The former Mrs. Mandela was charitably called “firebrand.” Born in a rural area of the Eastern Cape to a relatively privileged family, she was educated at a Methodist mission school and later a social work school. In 1958, she married Nelson Mandela and both were devoted to ending apartheid.

She was less forgiving than her husband. Not for her the principle of nonviolence as taught by Martin Luther King. After Mr. Mandela was unjustly imprisoned in 1964, she became the face of the African National Congress, the movement that destroyed apartheid. Sympathetic biographers conceded that, in the verdict of the left-wing London Guardian, “she had difficulty in fulfilling the role.” With a weakness for alcohol and subject to violent outbursts, she was once prosecuted for assault on a 9-year-old child, eventually acquitted, and remembered as besmirching an honorable cause.

She endorsed “necklacing,” an extraordinarily cruel punishment, as a legitimate weapon against those suspected of co-operating with the police. An automobile tire, filled with gasoline, placed around the neck of the suspected informant and set alight, was impressive punishment. She preached no mercy. “We have no guns,” she told a rally. “We have only stones, boxes of matches and petrol. Together, hand in hand, with our boxes of matches and our necklaces, we shall liberate this country.” A firebrand indeed.

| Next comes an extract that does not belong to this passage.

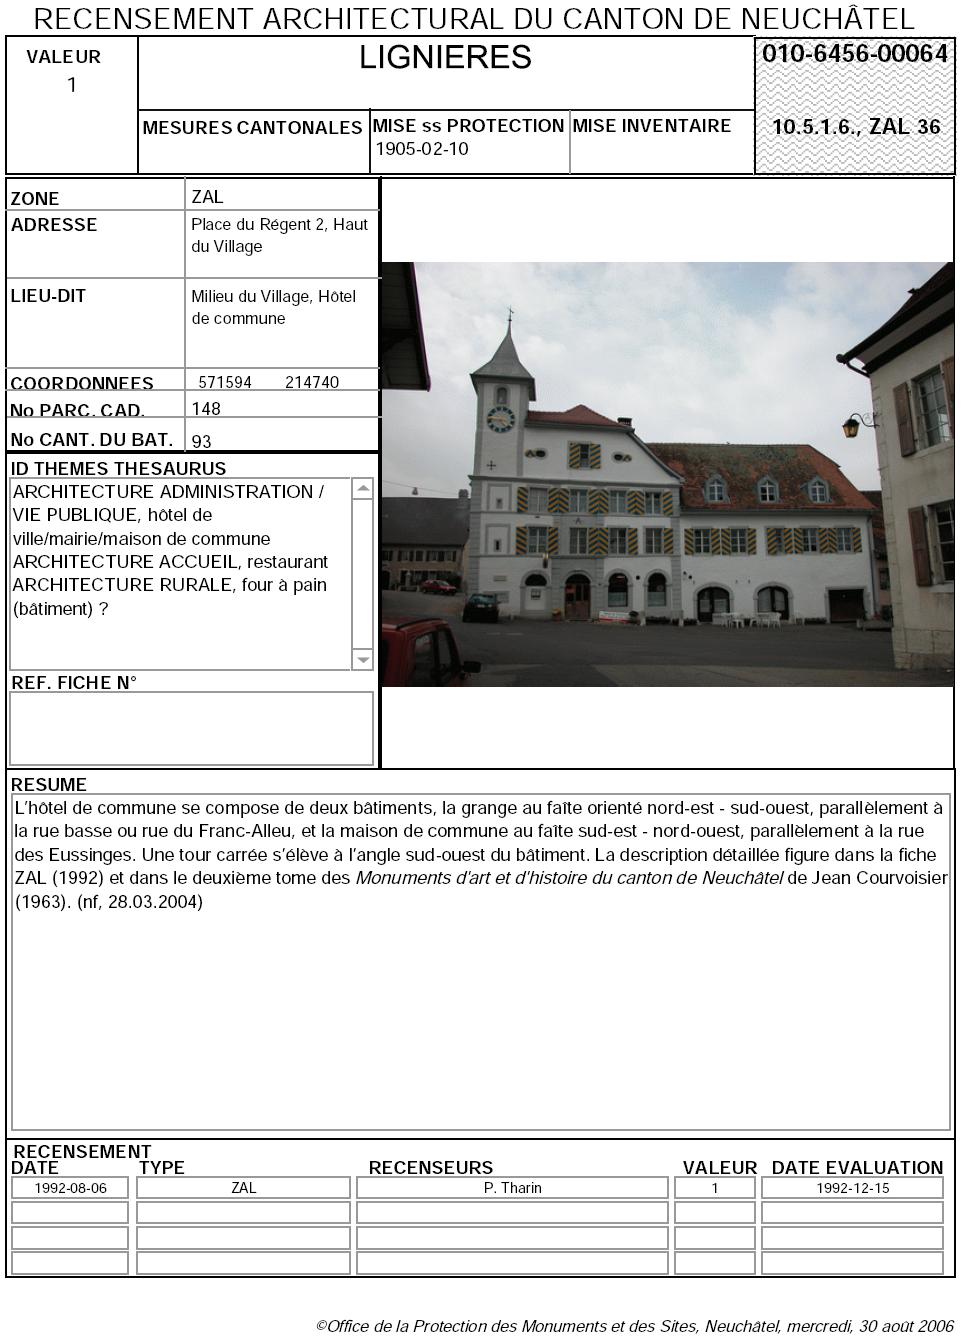 Recensement architectural du canton de Neuchâtel: Fiche 010-6456-00064

Jerry Richardson, her bodyguard over the years, testified at South Africa’s Truth and Reconciliation Commission, established after the end of apartheid, that Mrs. Mandela sometimes ordered him to flog and torture a prisoner and often participated in beatings. She was ultimately sentenced to six years in prison for her part in two slayings, the punishment later reduced to a small fine.

She was a white-collar criminal as well. In 2003, she was sentenced to three-and-a-half years in prison for fraud and theft, though that sentence, too, was suspended. She was appointed deputy Minister of Arts, Culture, Science and Technology in 1994 but less than a year later she was ousted for “corruption.” She and Nelson Mandela remained married for the 38 years that he served in prison, where he was often mistreated and sometimes brutally so, and were reunited on his release from prison.

Soon after Mr. Mandela returned to the conjugal bed the man who endured hell on earth decided he could no longer endure life with her, and filed for divorce. It was the beginning of schism between them. Mr. Mandela had become a powerful moral example, preaching reconciliation with the white minority as the only path forward for the country. She was far less willing to concede anything in the pursuit of a way for the two races to live together in a prosperous and bountiful land.

She even scolded her ex- for accepting the 1993 Nobel Peace Prize with F.W. De Klerk, who had overturned decades of apartheid and led the white National Party to seek a partnership for black-and-white peace. “I cannot forgive him for going to receive the Nobel with his jailer de Klerk,” she said. “Hand in hand they went. Do you think de Klerk released him from the goodness of his heart? He had to. The times dictated it, the world had changed, and our struggle was not a flash in the pan, it was bloody to say at the least. We had given rivers of blood.

Mandela let us down. He agreed to a bad deal for the blacks. Economically, we are still on the outside. The economy is very much white. It has a few token blacks, but so many who gave their life in the struggle have died unrewarded.” But at Mr. Mandela’s funeral in 2013 she imposed herself on the rites as the grieving widow, even though Mr. Mandela had married again, standing at the coffin.

She no doubt died happier with the current reality in South Africa. Attacks on white farmers have spiked, and there are rumblings in the parliament about expropriating more white-owned land. Political events in South Africa are trending Winnie’s way. But the moving finger writes, and history is not written in permanent ink.